Прежнее восторженно властное выражение появилось на ее лице, губы чуть приоткрылись. Но даже и сейчас она словно ждала ответа более важного, чем тот, что произнес стоящий перед нею человек, — ждала и не дождалась.
— Дорогая, — сказал он, целуя ее, — но ведь так получится, будто они правы…
— Молчи, — вдруг сказала она. И, прикрыв ему рот ладонью, продолжала прежним, слегка усталым голосом: — Не надо больше об этом. Я больше не могу. Но скажи, милый, ты ведь сделаешь, если я попрошу тебя кое-что — так, пустяки, — сделаешь, верно, голубь? Так вот, не задерживайся в школе после уроков. Ступай сразу домой. Никого сегодня не разыскивай. Завтра суббота, у тебя не будет занятий, ты все успеешь на досуге. А сегодня, милый, старайся нигде не показываться… только двенадцать часов, пока… пока я не дам тебе знать. Тогда все будет в порядке, — заключила она, вдруг подняв на Форда совершенно отцовский сонно-страдальческий взгляд, которого он никогда у нее прежде не видел. — Ты обещаешь?
Он с мысленной оговоркой согласился. Его снедало недоумение, почему она не хочет с ним объясниться, и желание узнать, что произошло в ее доме, и гордость, не позволявшая расспрашивать или оправдываться, и настойчивое, хотя и неопределенное чувство обиды. Но все-таки он не мог не сказать, задержав ее руку в своей:
— Но ведь ты не усомнилась во мне, Кресси? Твои чувства не изменились от того, что эти люди так недостойно выволокли на свет то, что прошло и позабыто?
Она обратила к нему рассеянный взгляд.
— Значит, по-твоему, чьи-то чувства могли от этого измениться?
— Конечно, нет, если любишь по-настоящему и… — начал было он.
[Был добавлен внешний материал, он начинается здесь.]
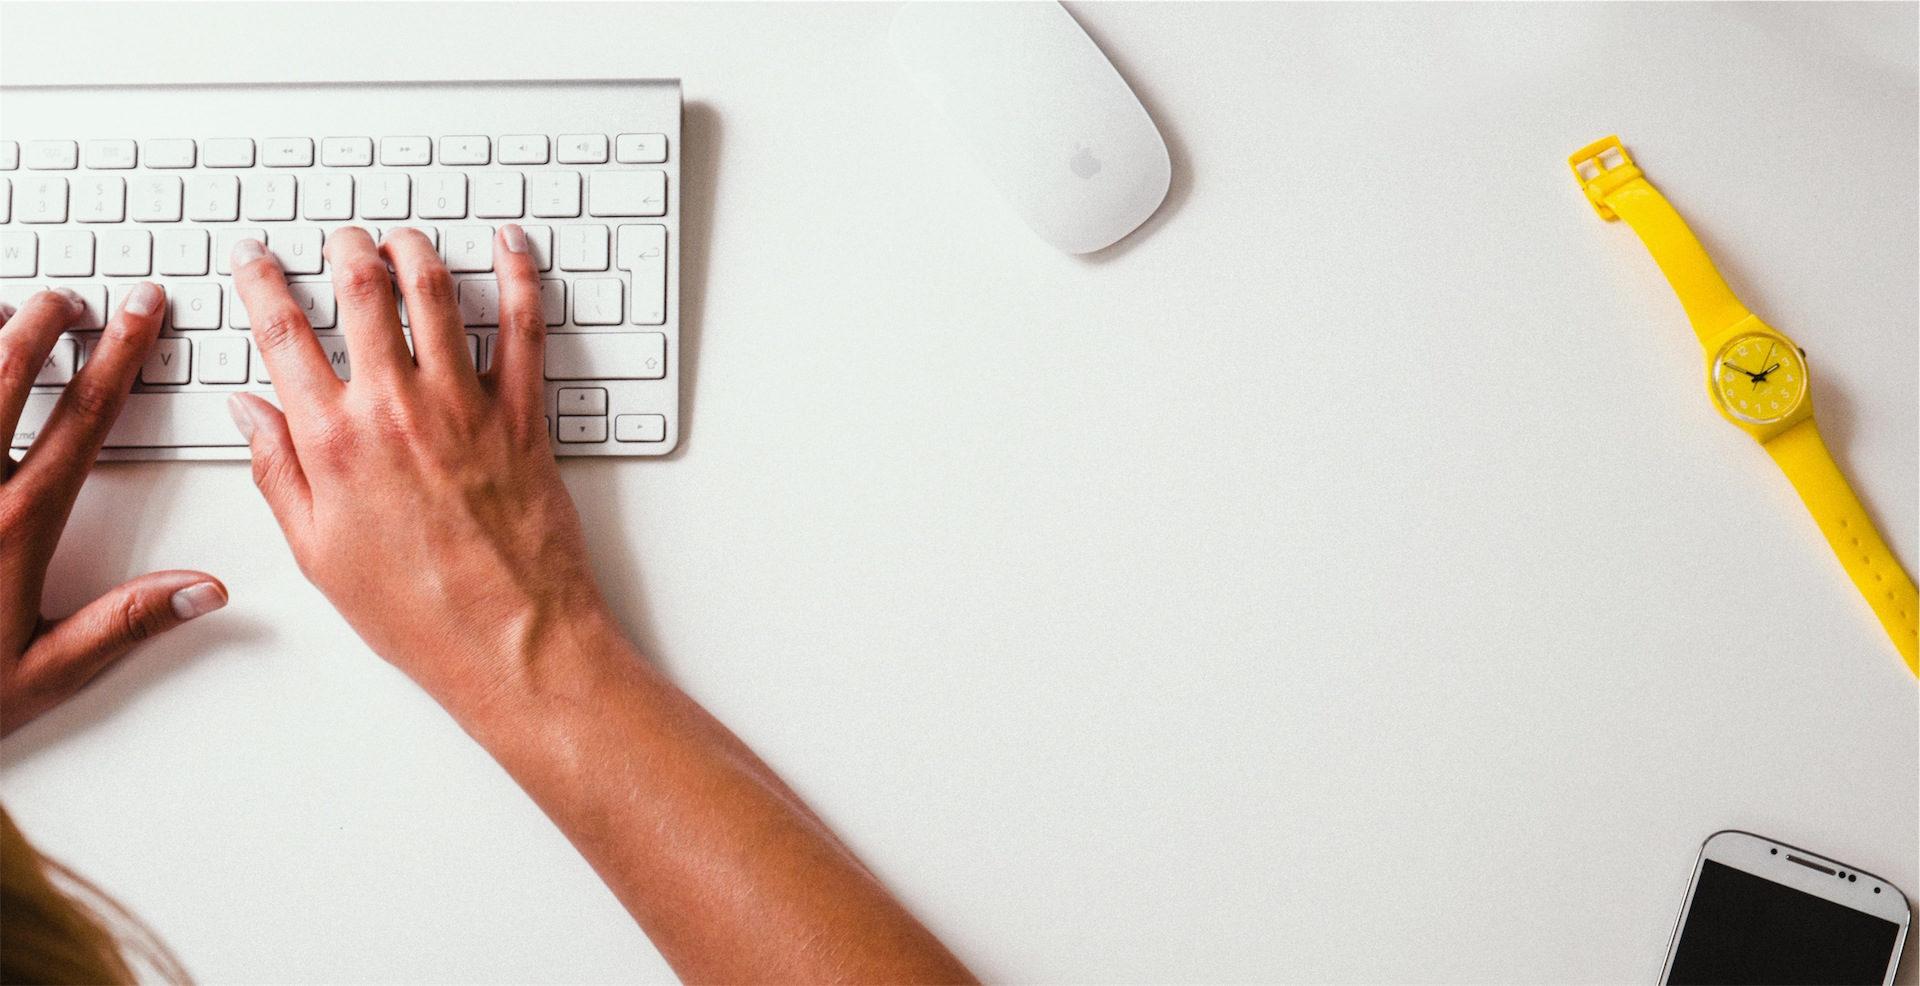 Escritório, trabalho, mãos, computador, Relógio - Papéis de parede HD - Professor-falken.com

— Пожалуйста, не будем больше об этом, — перебила его она, вдруг подняв руки над головой и тут же отрешенно уронив их и сцепив пальцы. — У меня голова начинает болеть. И отец, и мать, и все другие столько меня донимали — я больше слышать ничего не могу.
Форд холодно отстранился и выпустил ее руку. Она молча повернулась и пошла прочь. Но, сделав несколько шагов, остановилась, обернулась, подбежала к нему и, сдавив его голову в жарком объятии, птицей шарахнулась в высокий папоротник и исчезла.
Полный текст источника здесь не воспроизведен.